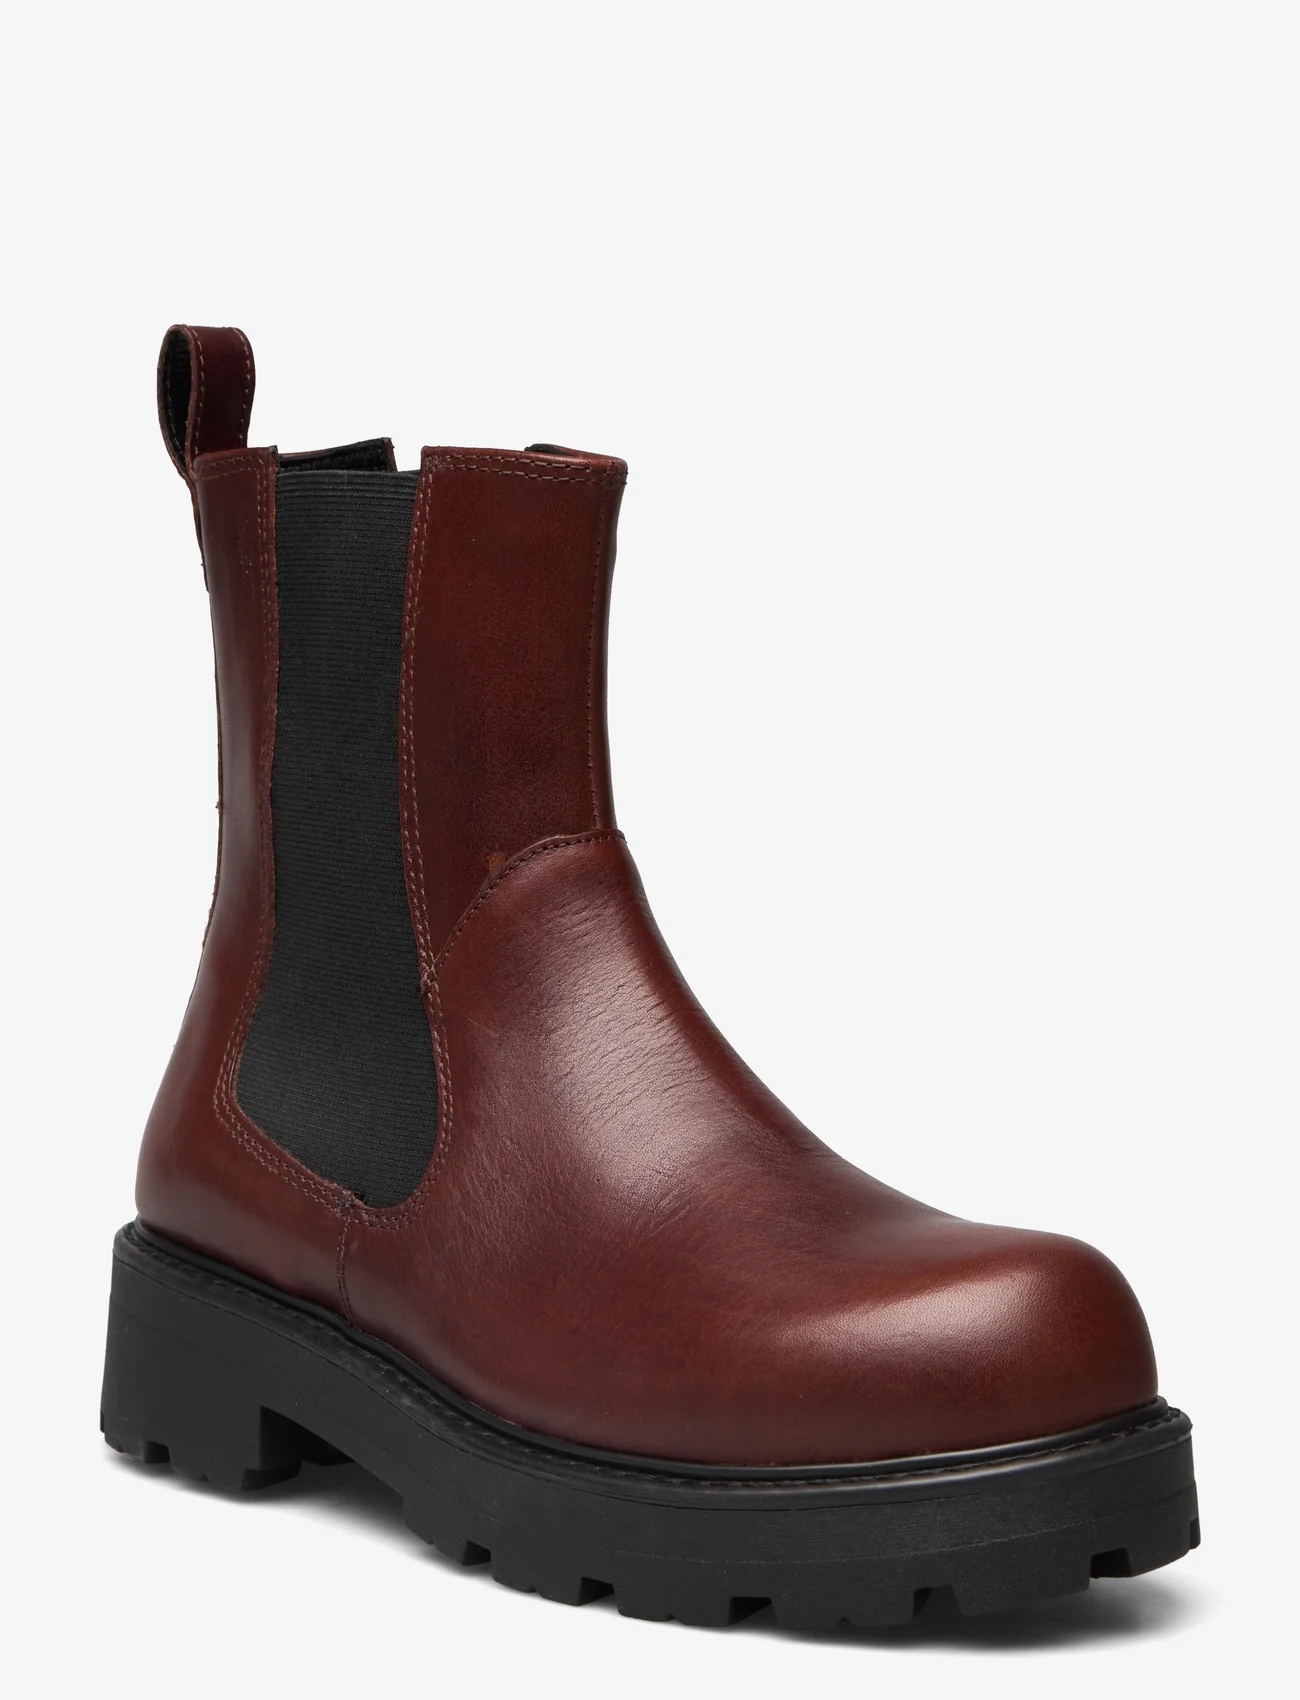 VAGABOND - COSMO 2.0 - chelsea boots - brown - 0
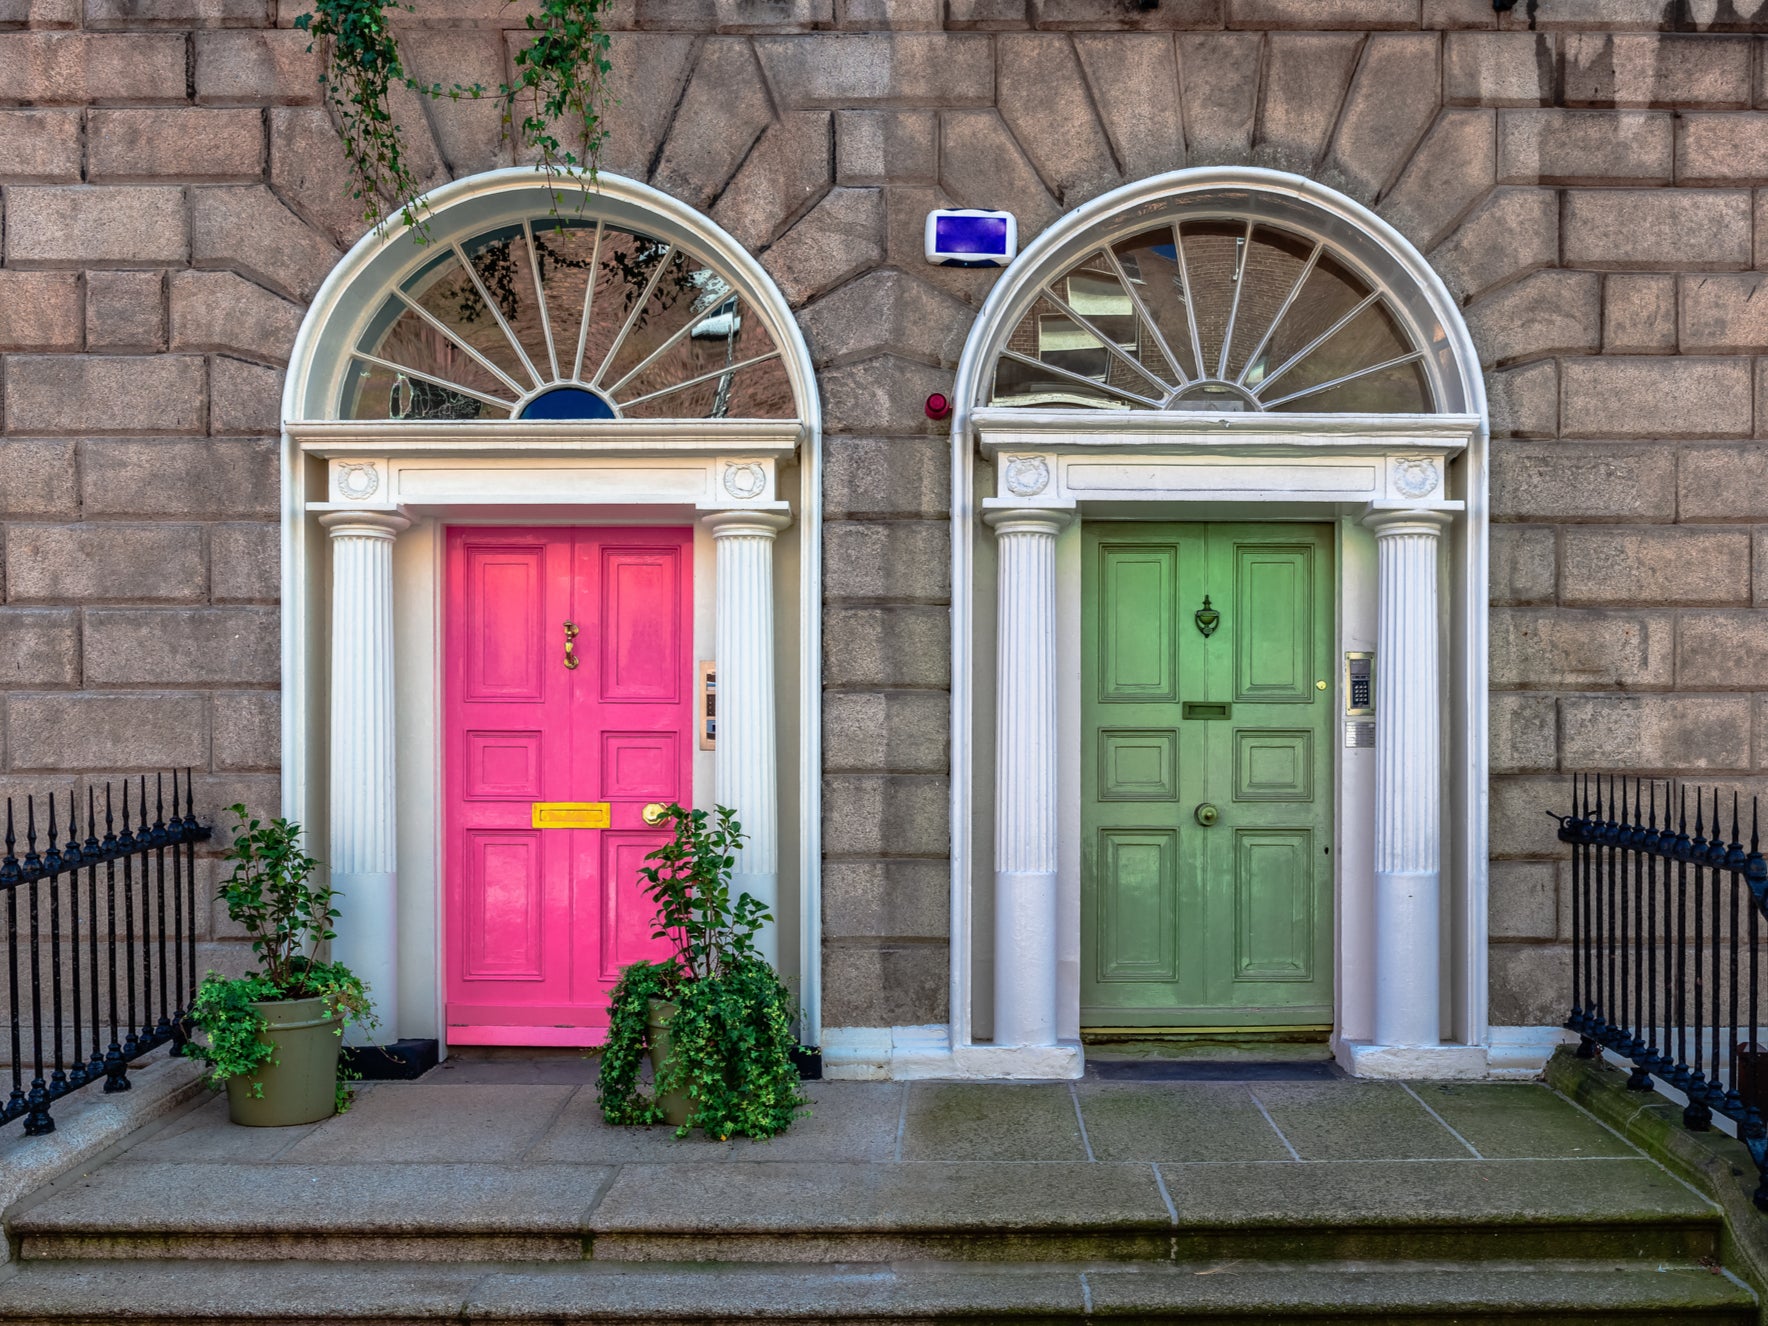 Is there really such a thing as a ‘too colourful’ front door?
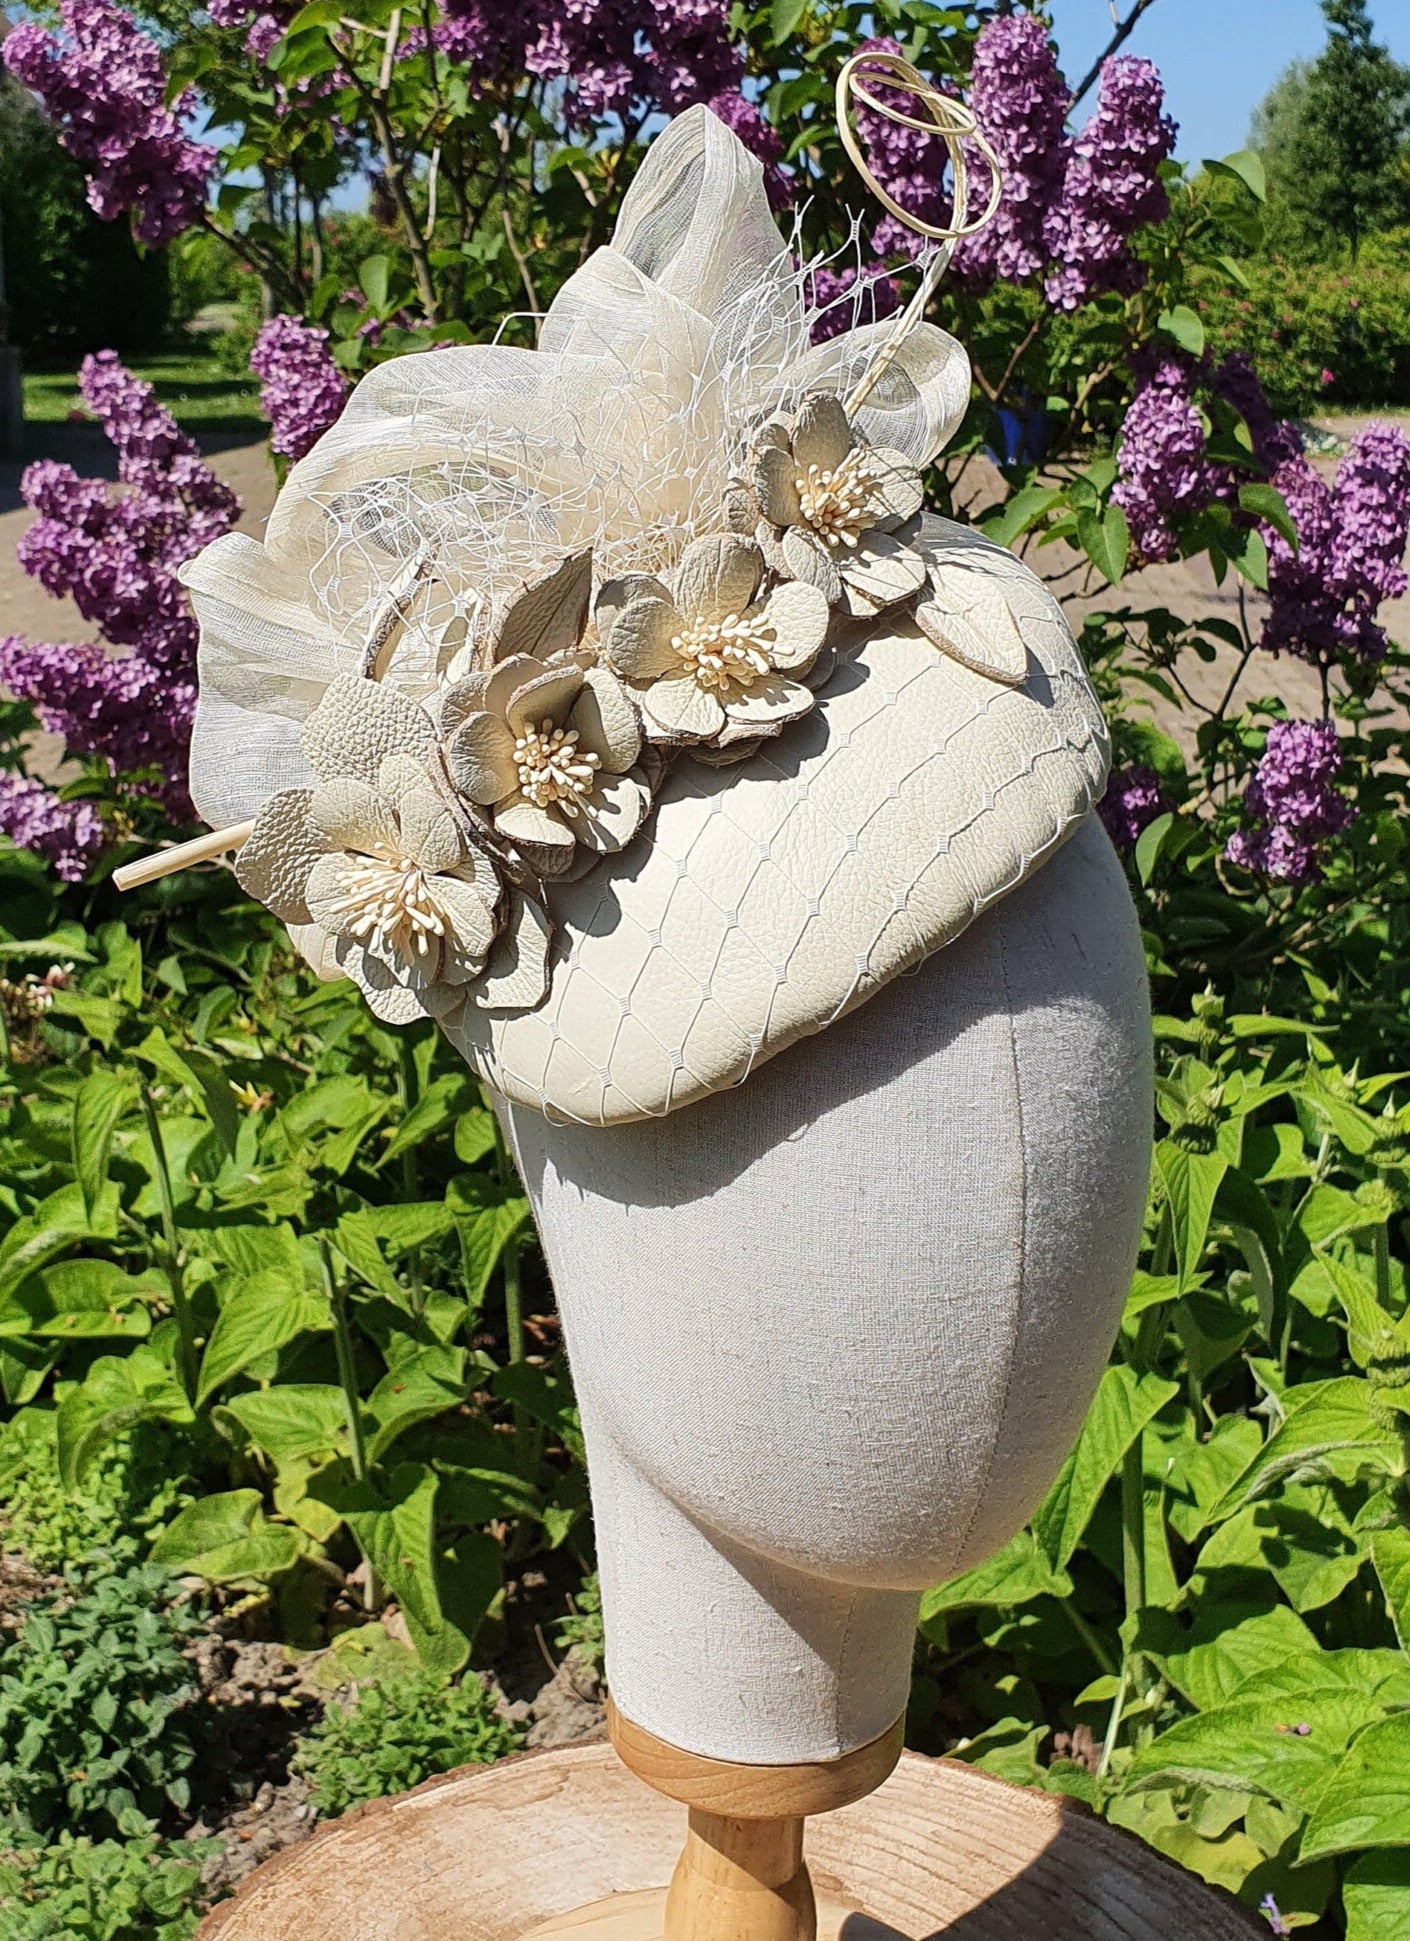 Handmade fascinator beige with ostrich with abaca silk and natural leather, elegant women's wedding hat for special occasion
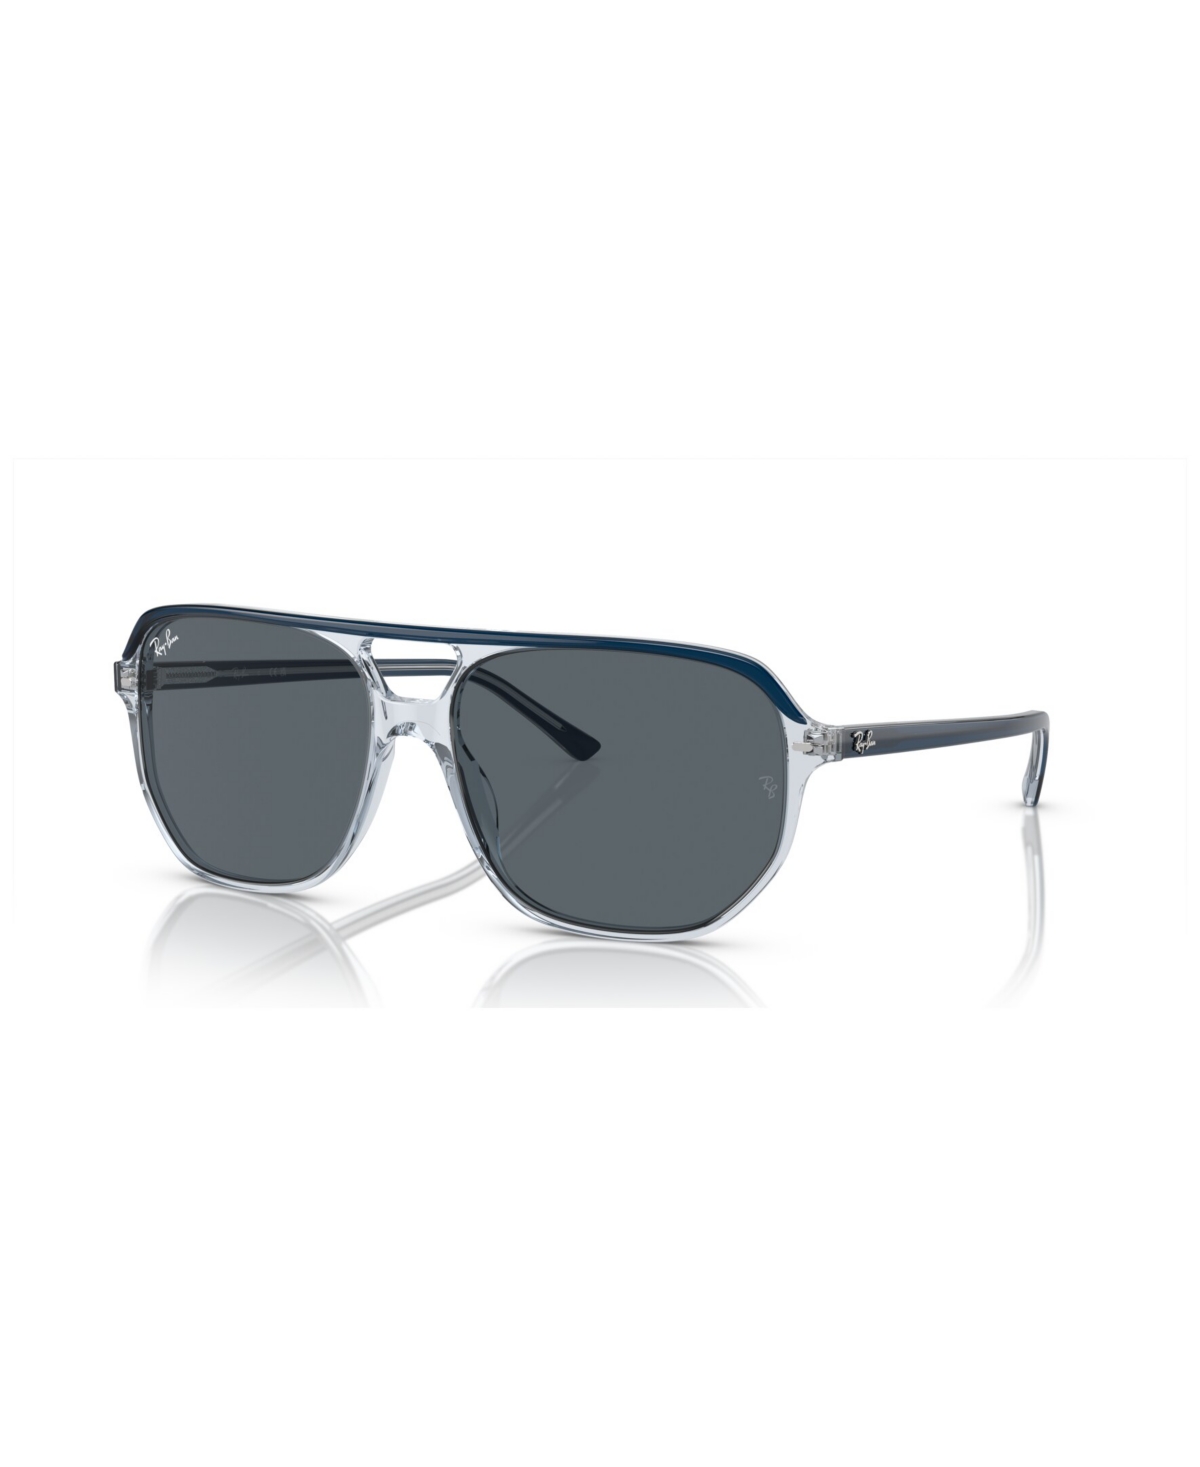 Ray Ban Unisex Bill One Sunglasses Rb2205 In Blue On Transparent Blue
# # # # # # #
— What this task involves —
Omit the pictures and output all remaining material exactly.

— Solution to this problem —
 VAGABOND - COSMO 2.0 - chelsea boots - brown - 0
 Is there really such a thing as a ‘too colourful’ front door?
 Handmade fascinator beige with ostrich with abaca silk and natural leather, elegant women's wedding hat for special occasion
 Ray Ban Unisex Bill One Sunglasses Rb2205 In Blue On Transparent Blue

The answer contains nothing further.